Cave art showing men without beards and rudimental artifacts (seashells and combs) found in excavations sites suggest that personal hygiene care has remote origins. Social rites and religions have adopted these fundamental needs and made burial or burning of cadavers socially relevant operations, as their decomposing constitutes a danger to man. To the Greeks we owe the birth of the cult of Hygieia through which virtuous behaviors that helped keep in good health were indicated. For the Romans, with their thermal baths and water ducts, hygiene became an integral part of the process of civilization. The widespread epidemics that that afflicted the Middle Ages up to the mid-1800s could cast doubts on the idea then hygienic defense draws sufficient strength from individual instinct, but if we consider science as common heritage, we find - through the work of scientists like Leeuwenhoek, Pasteur, Koch, who initiated knowledge of microbiology - the ability to regain a balance to defend ourselves from diseases that can threaten us.

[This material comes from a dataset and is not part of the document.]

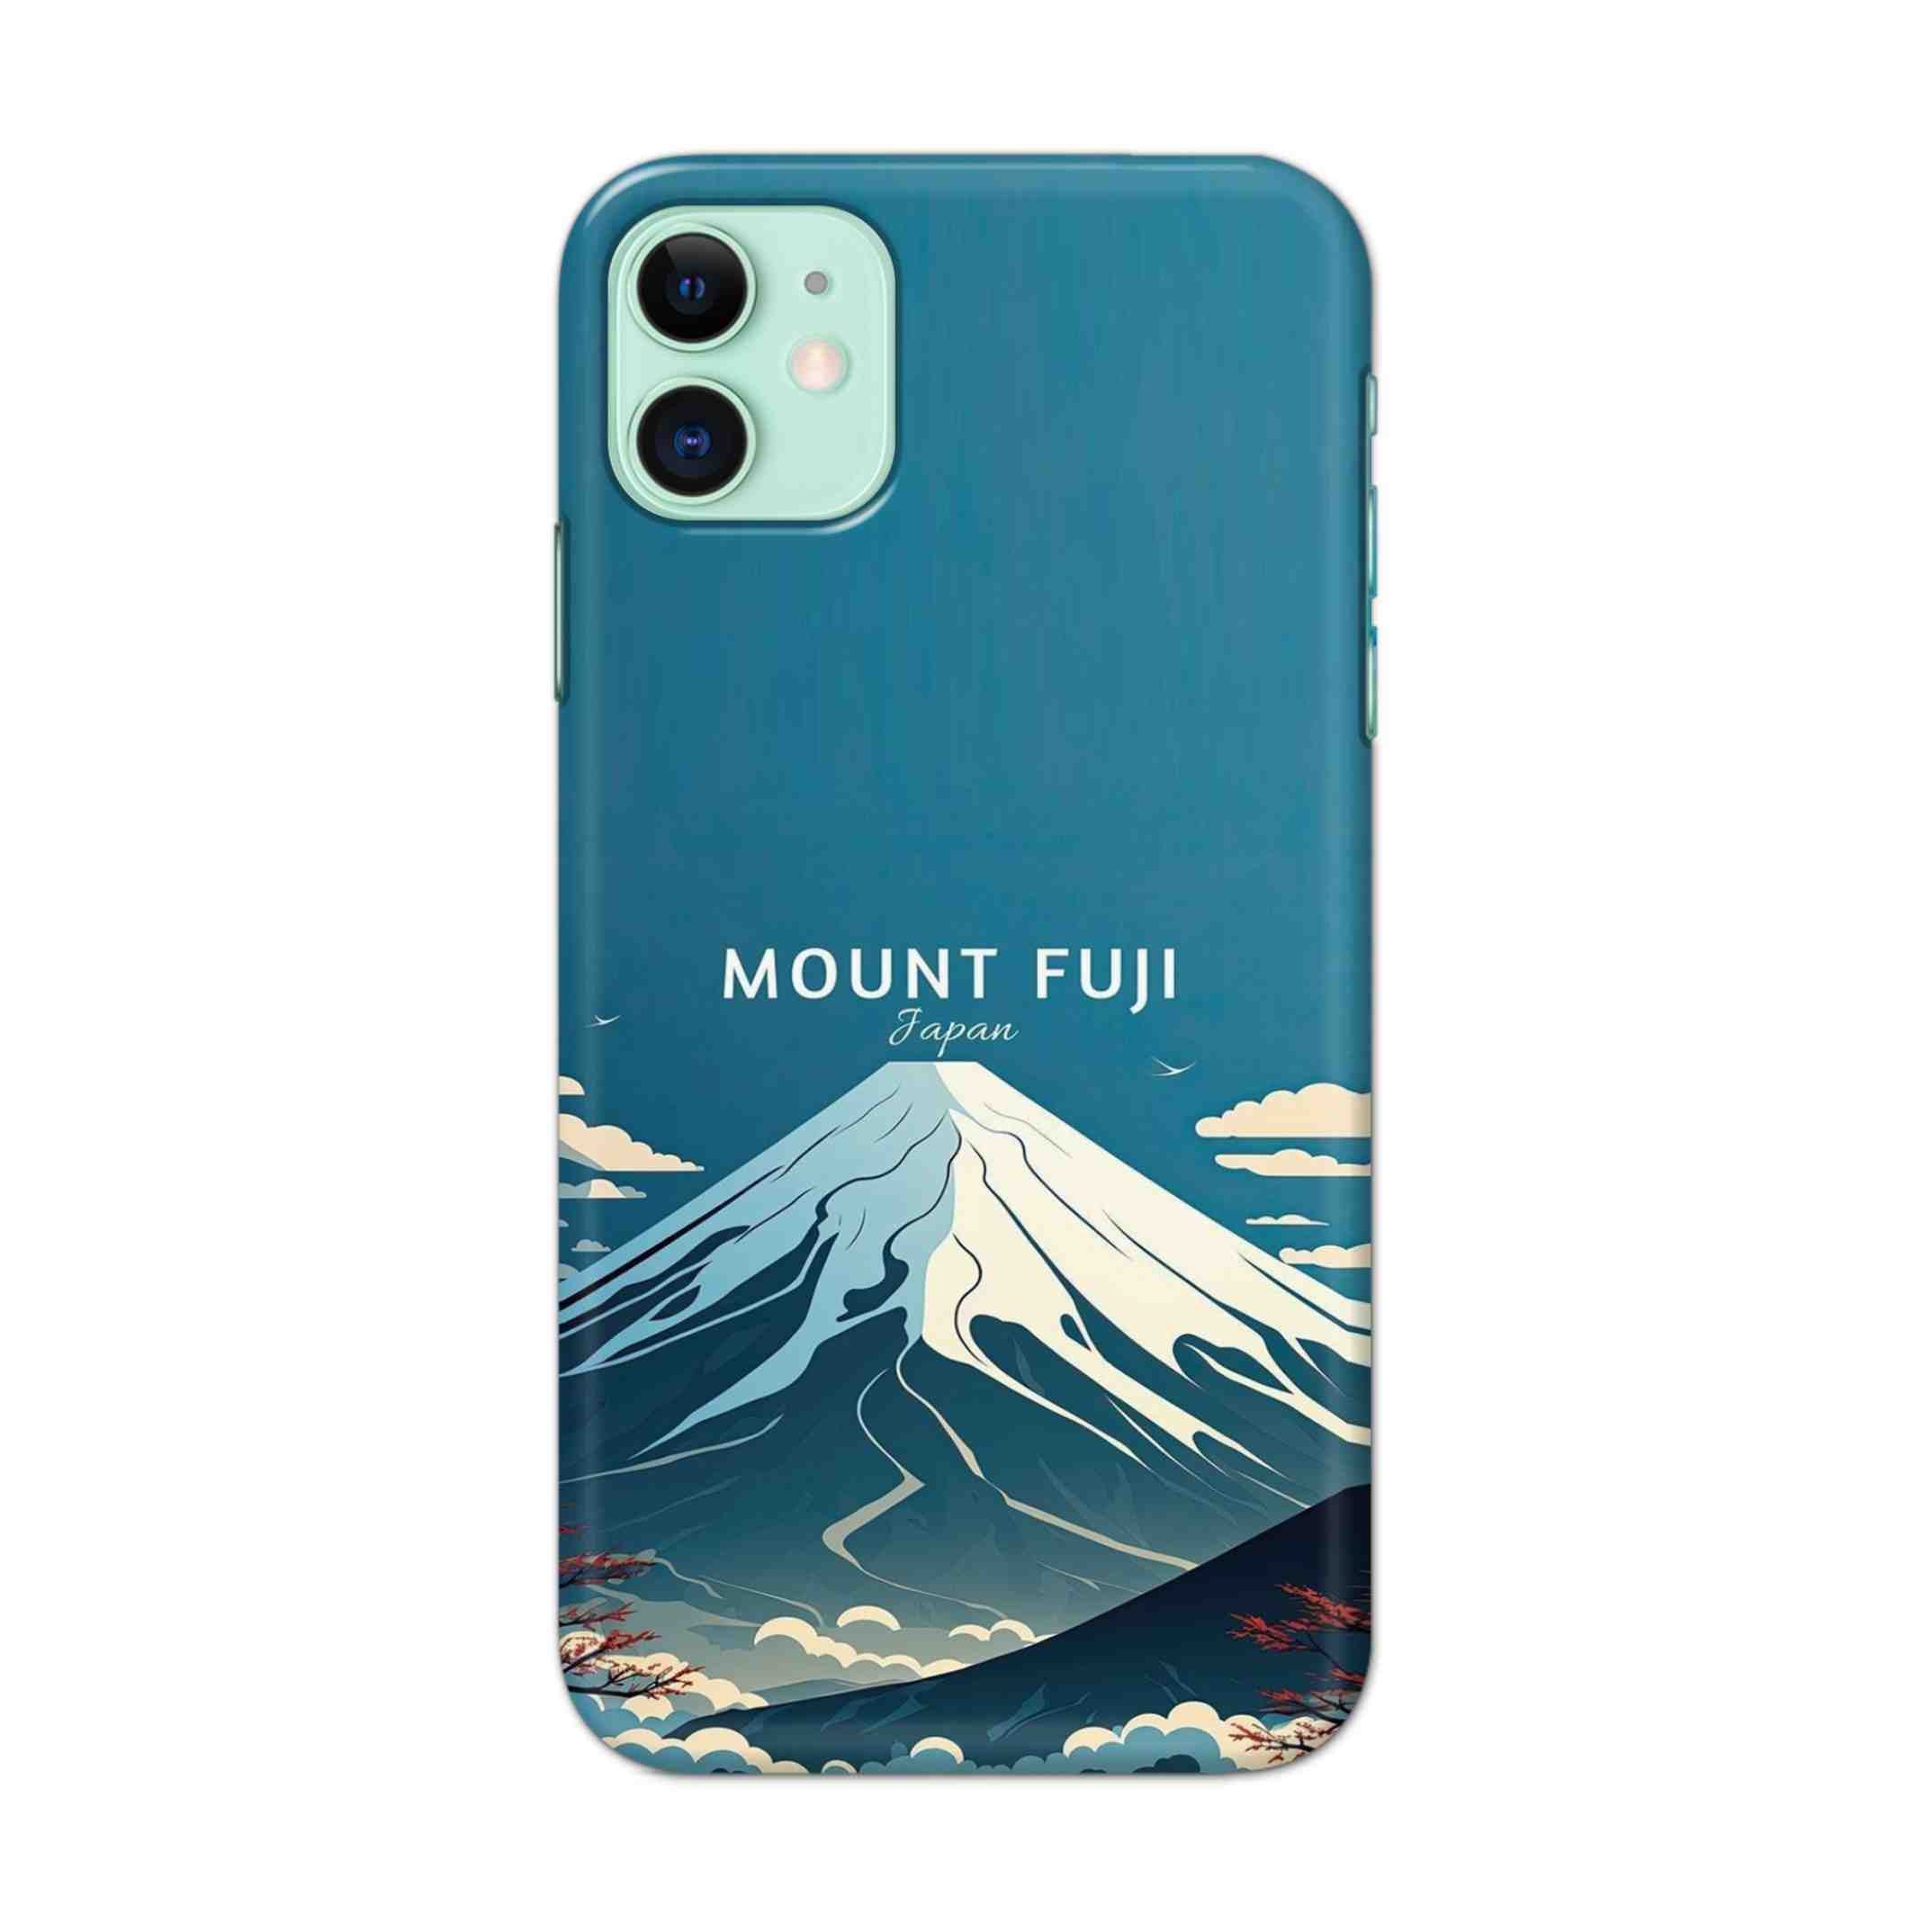 Buy Mount Fuji Hard Back Mobile Phone Case/Cover For iPhone 11 Online

Instinct and knowledge have hence helped us to refine our ability to manage our own hygiene and so to lengthen our prospects of permanence on this Earth. But there are still several areas of our "hygienic" behavior that are unexplainable through this thinking and that constitute important social problems. Obesity, smoking, alcoholism are commonly recognized in our opulent society as among the main causes of dysfunctions in our health, strengthening the idea that, in order to achieve a healthier lifestyle, the most effective way is certainly to change behavior.

Institutional information campaigns to reduce these "dangerous habits" have done little or nothing against the power of solicitations to consumption and the Mephistophelian hammering promotion by the media that invite us to practice styles of life that are not very virtuous.


"To push people to behave differently, logical reasoning is not enough: we must appeal to their emotions", sustains Valerie Curtis talking about her experiments. "If everyone washed their hands with soap after having been to the bathroom, over three million human lives could be saved because diarrhea and respira-tory pathogens - the biggest killers of children - travelon hands. It's not enough to teach what germs are. In a recent attempt to reduce the number of diarrheic diseases in children in Ghana, to convince people to wash their hands with soap, we developed a campaign to make them experience disgust for people who did not do so. TV adverts, for example, showed a mother who, after having been to the toilet, had a strange spot on her hands, which was then virtually transferred to her son's food. Even without using rational arguments on germs or bacteria, this campaign increased the number of Ghanaians who wash their hands with soap by 41%."

This shows that our behavior in regards to important themes like hygiene, besides being determined by instinct and rationality, is also strongly influenced by our need for social approval. The improvements introduced by science need time to become part of our nature and of our experience. Sometimes, a simple gesture is enough to produce a great change. So let's all wash our hands.